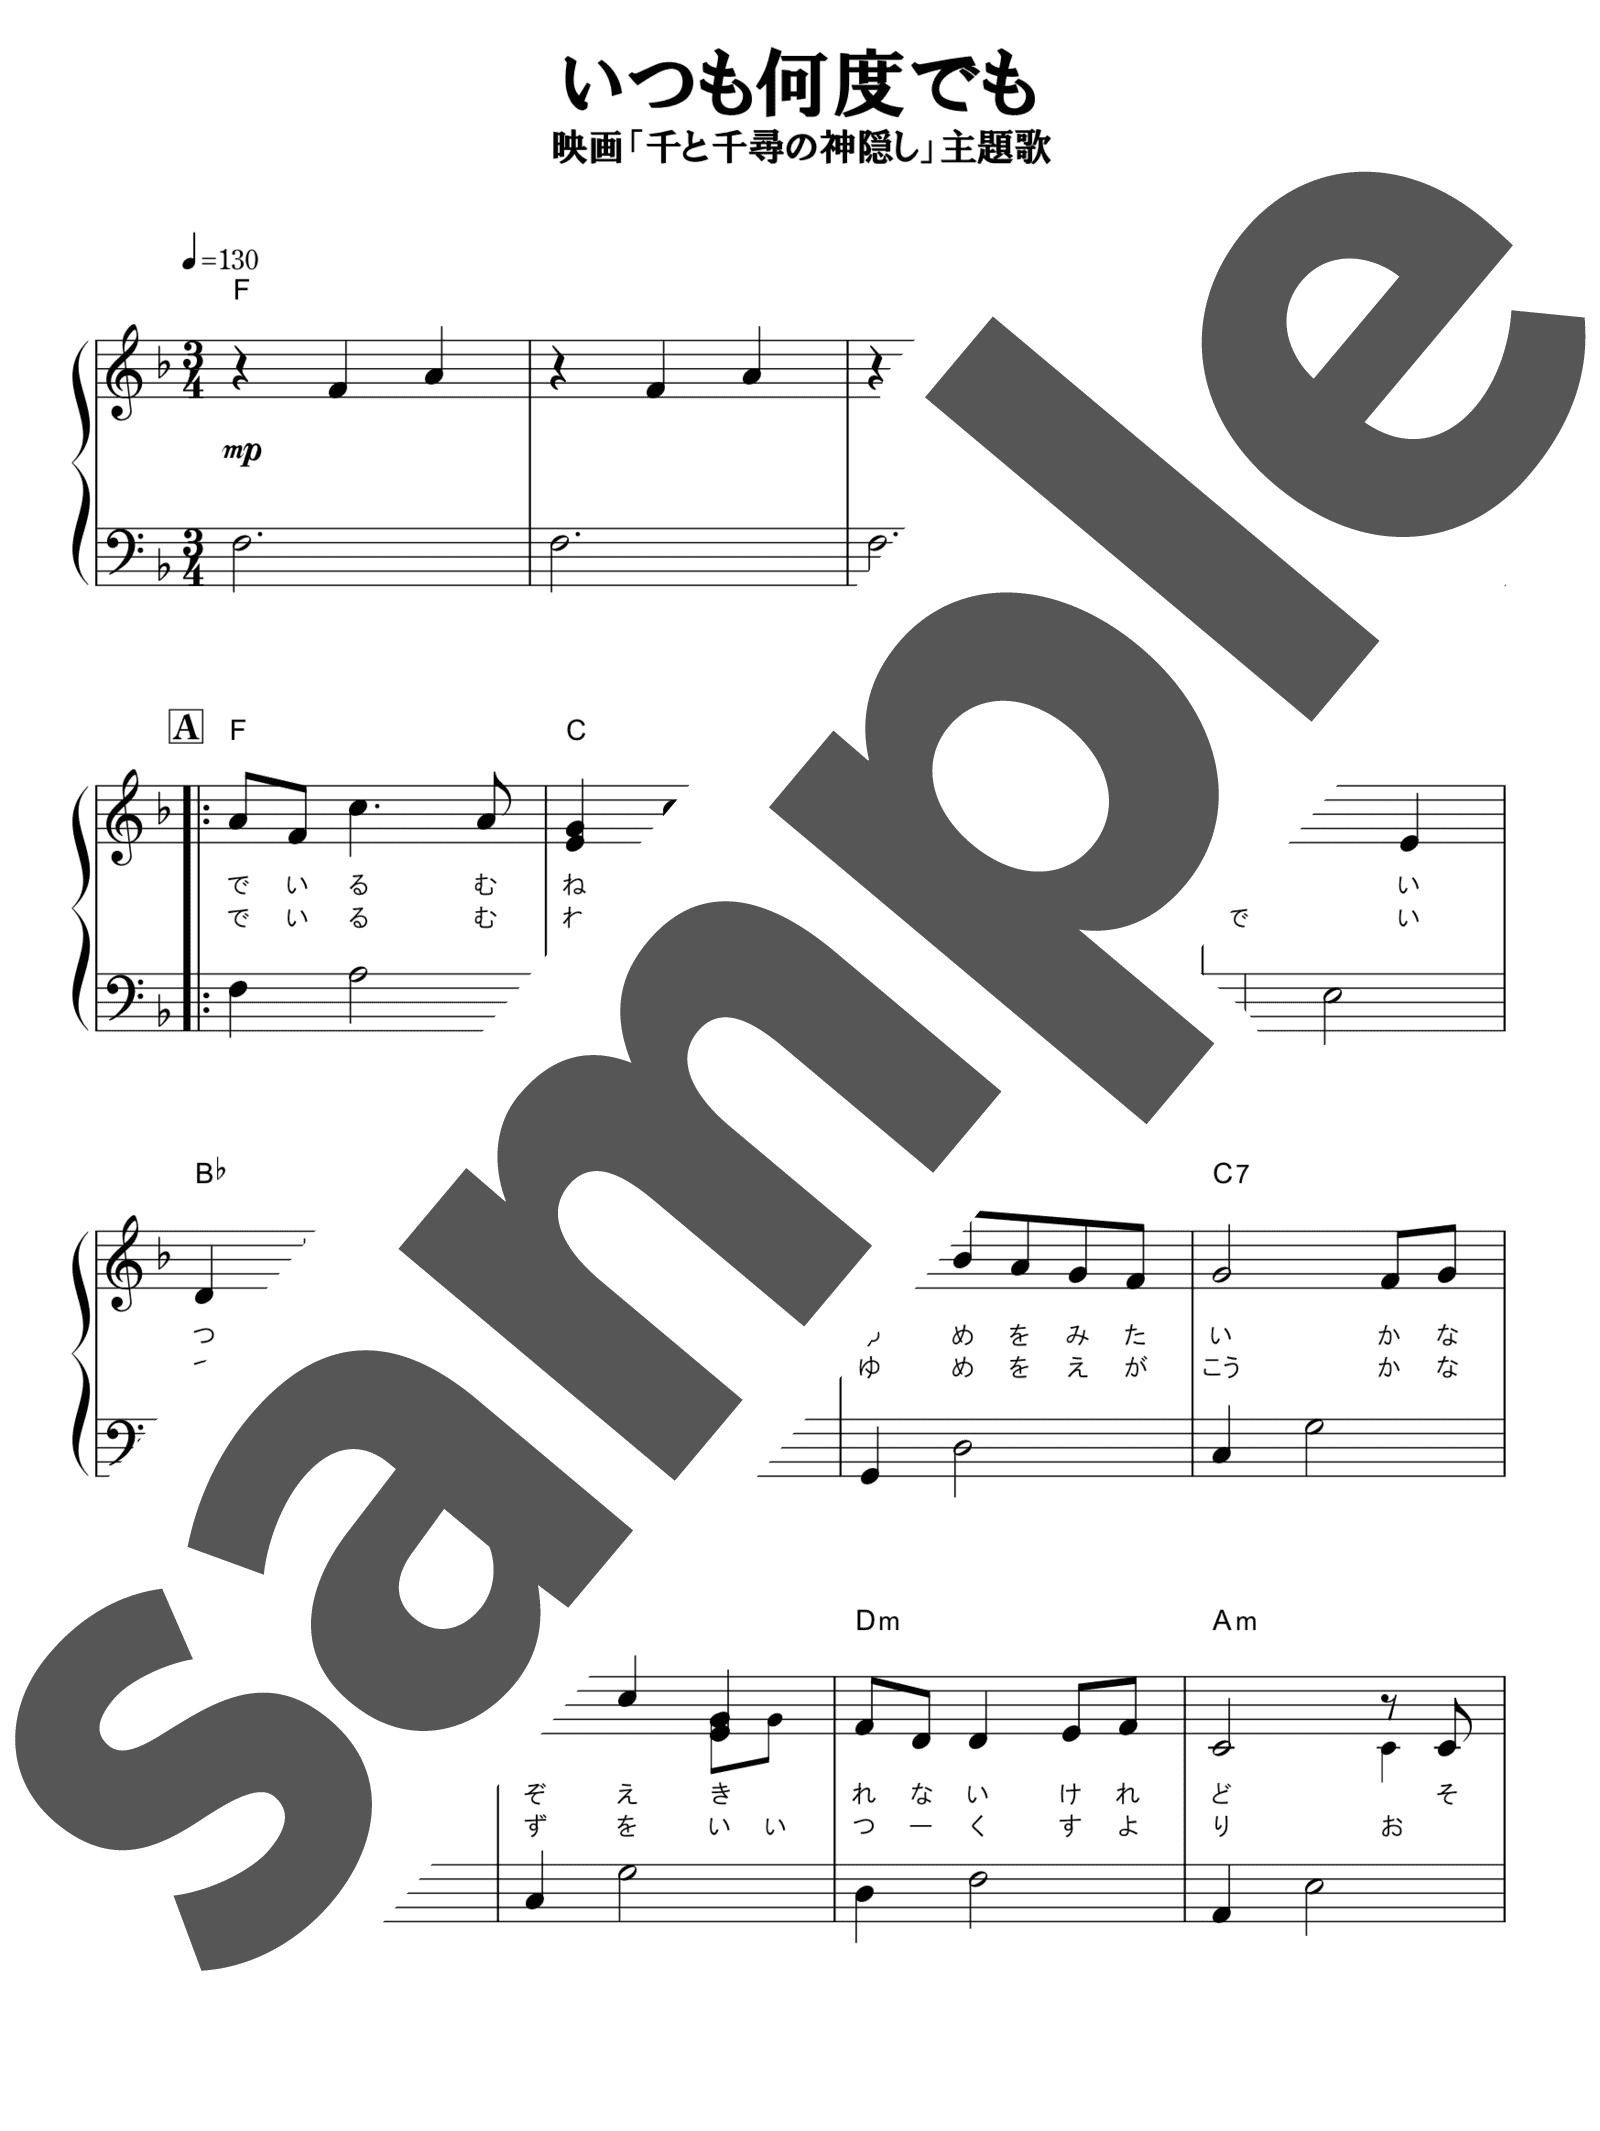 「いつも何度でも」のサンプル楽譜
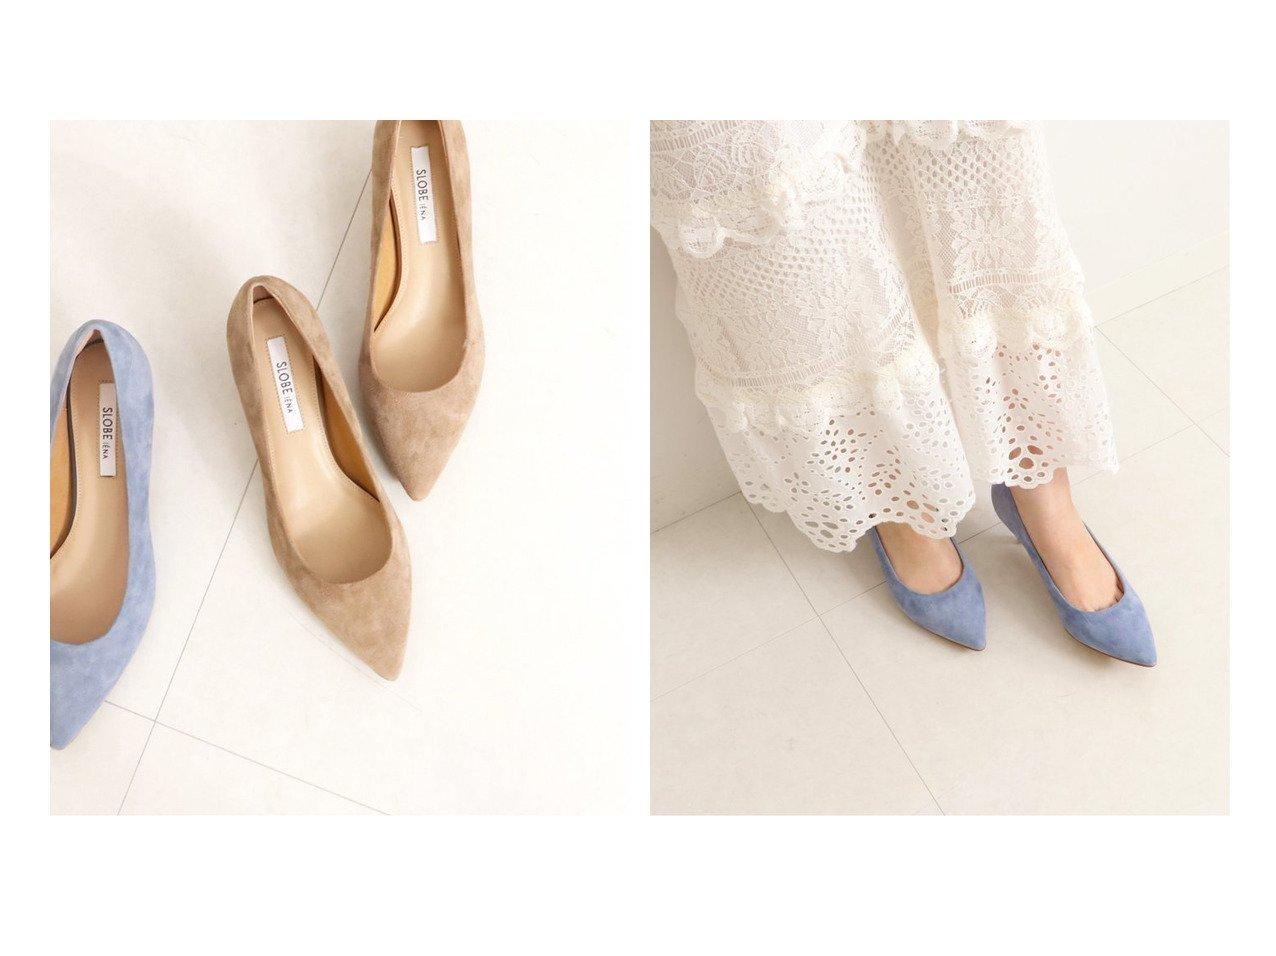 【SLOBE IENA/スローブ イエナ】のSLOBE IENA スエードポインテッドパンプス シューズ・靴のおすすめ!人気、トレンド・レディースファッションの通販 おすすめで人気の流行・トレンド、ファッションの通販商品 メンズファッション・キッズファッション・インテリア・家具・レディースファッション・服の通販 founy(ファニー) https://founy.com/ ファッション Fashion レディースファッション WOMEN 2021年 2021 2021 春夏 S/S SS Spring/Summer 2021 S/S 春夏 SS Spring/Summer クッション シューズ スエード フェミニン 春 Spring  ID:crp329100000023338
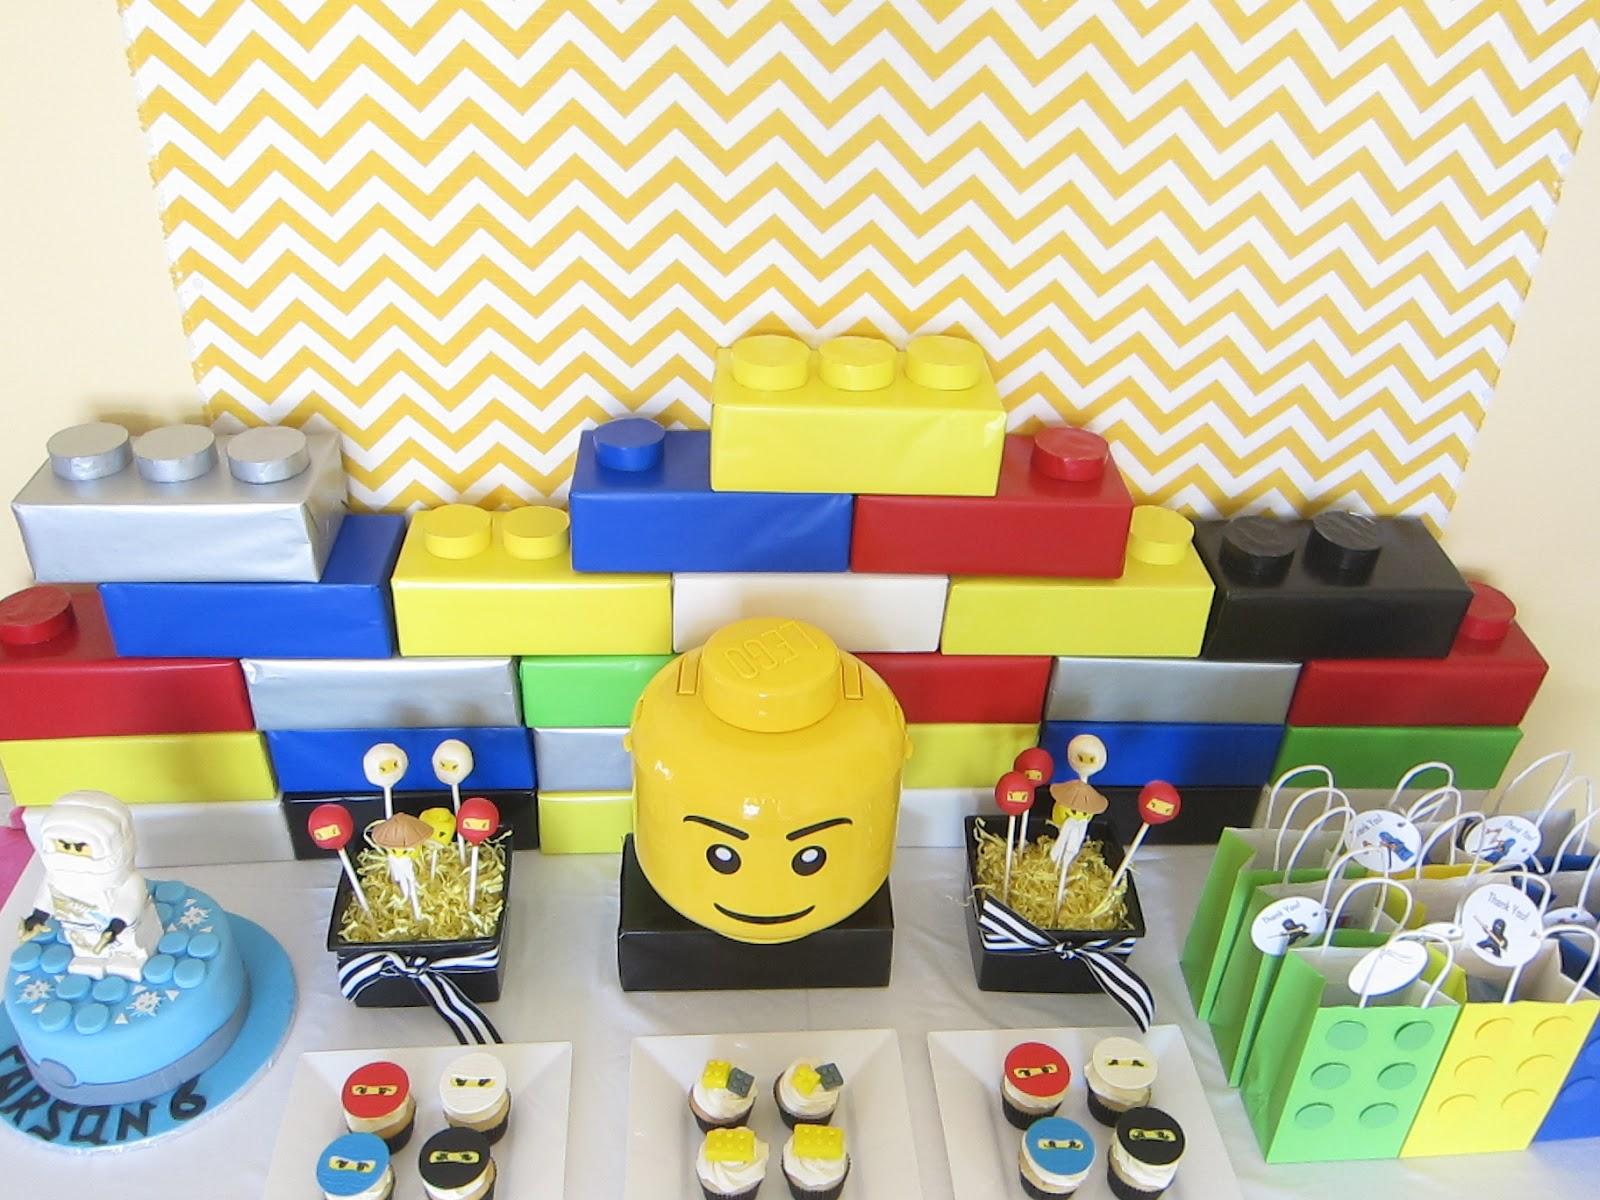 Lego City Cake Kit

◆ **WHAT TO WORK ON**:
Everything in the data except the pictures must be retyped exactly.

◆ **COMPLETED TASK**:
 「いつも何度でも」のサンプル楽譜
 【SLOBE IENA/スローブ イエナ】のSLOBE IENA スエードポインテッドパンプス シューズ・靴のおすすめ!人気、トレンド・レディースファッションの通販 おすすめで人気の流行・トレンド、ファッションの通販商品 メンズファッション・キッズファッション・インテリア・家具・レディースファッション・服の通販 founy(ファニー) https://founy.com/ ファッション Fashion レディースファッション WOMEN 2021年 2021 2021 春夏 S/S SS Spring/Summer 2021 S/S 春夏 SS Spring/Summer クッション シューズ スエード フェミニン 春 Spring  ID:crp329100000023338
 Lego City Cake Kit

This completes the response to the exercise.